Айя Ксига, которой поклоняются в церквях… Ее изображали по-другому. Должно быть, как раз поэтому медальоны и спрятаны здесь, но… это точно она. 
– Теперь ты мне веришь?
 Михали бережно взял медальон и перевел взгляд с изображения святой на Рею.
 – Ты и впрямь ее дочь.
 Она кивнула.
 – Я помню маму такой, как на портрете. Не совсем, конечно, я же не видела в ней святую, – Реа взяла юношу за запястье и опустила его руку с медальоном. – Я не пытаюсь предъявить права на вашу святую, Михали. Я хочу почтить память матери.
 – Понимаю, – согласился Михали, но взгляд его был каким-то странным, а в интонациях проскальзывало изумление, от которого Рее становилось не по себе.
 – Что такое? – спросила она.
 – Ничего. Но теперь, когда я знаю, на что обращать внимание, я и правда замечаю сходство.

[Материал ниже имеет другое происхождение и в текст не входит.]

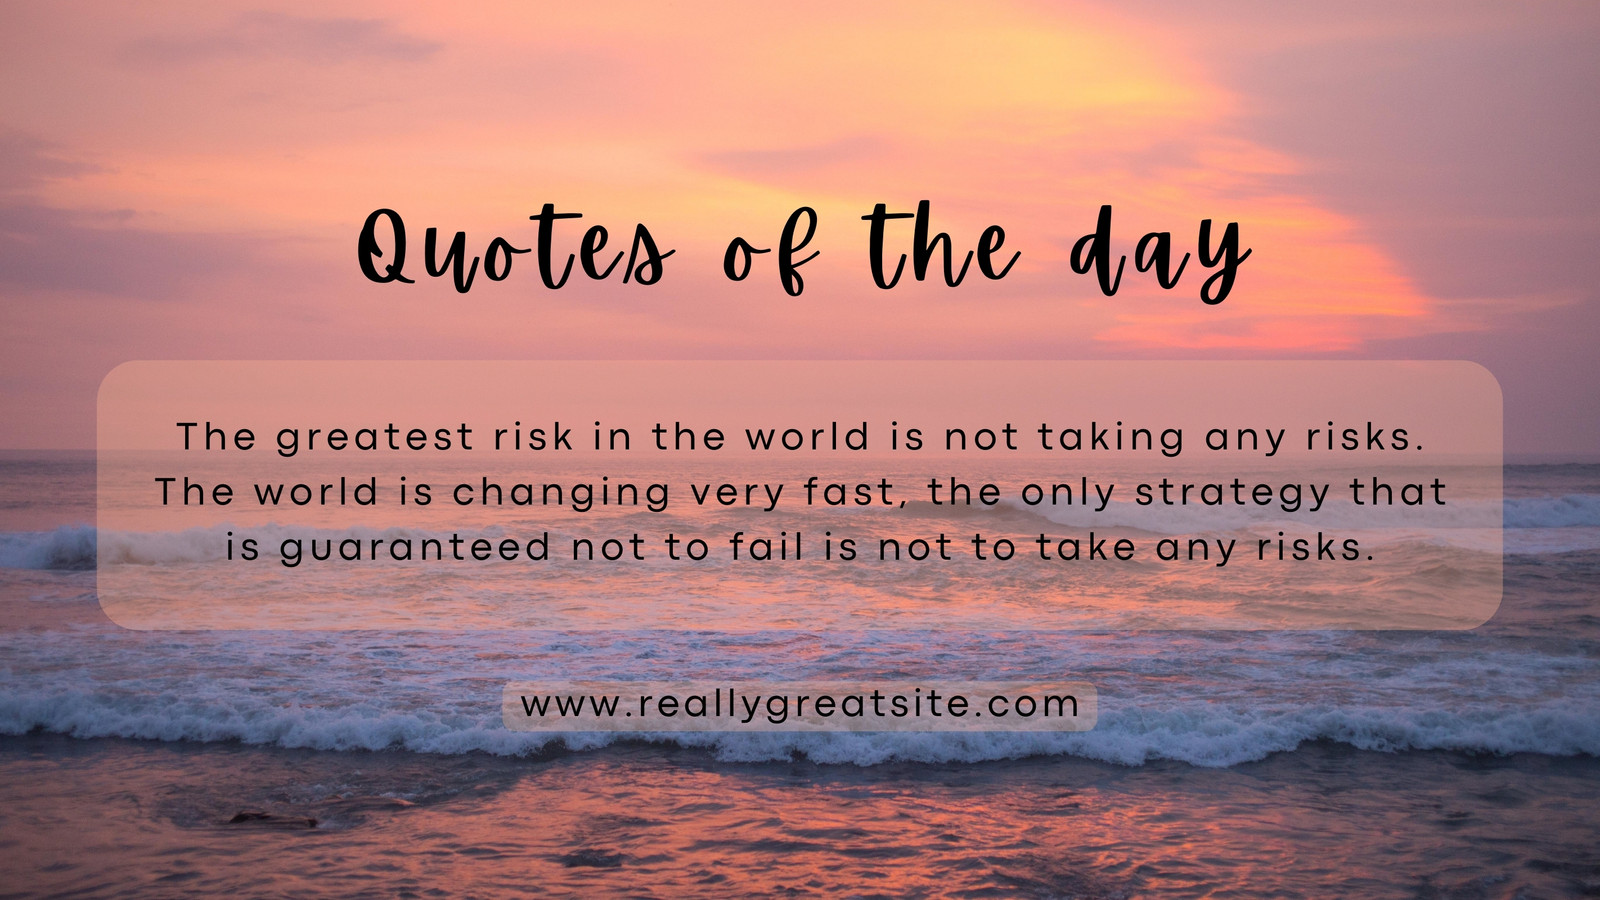 Orange Natural Quotes Of The Day Twitter Post 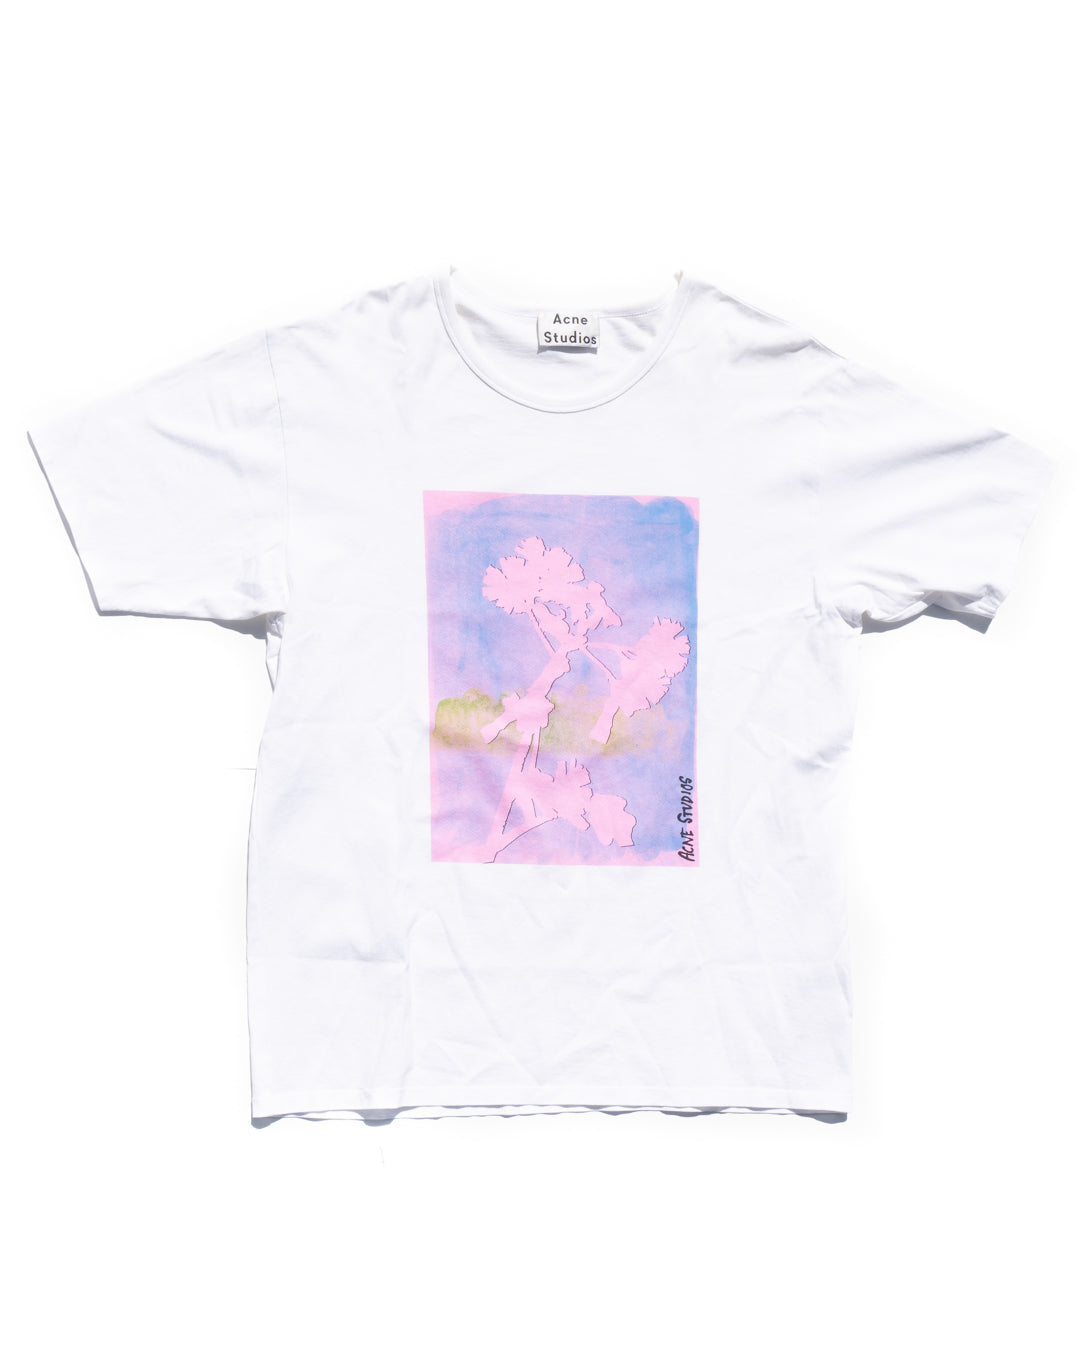 SS18 Graphic Tee

А с вуалью…
 Реа нахмурилась.
 – Что с вуалью?
 Михали приподнял ее подбородок к свету, и Реа поежилась под изучающим взглядом.
 – Вышло бы один в один, – договорил Михали. – Мы можем сказать, что это ты.
 – Что? Кому? – пролепетала Реа и попятилась.
 – Повстанцам в горных лагерях. После свадьбы стало сложно поддерживать боевой дух. И предупредить о том, что мою смерть мы инсценируем, я не могу. Лучше приведем тебя к ним, чтобы ты их благословила. Покажем, что Схорицу поддерживает настоящая святая. Если люди услышат о возвращении Айи Ксиги, они стекутся со всех сторон, и мы окажемся на шаг ближе к победе.
 – Разве я справлюсь? – испугалась Реа. – Мне ведь мало что известно о святых. У меня не получится изобразить маму.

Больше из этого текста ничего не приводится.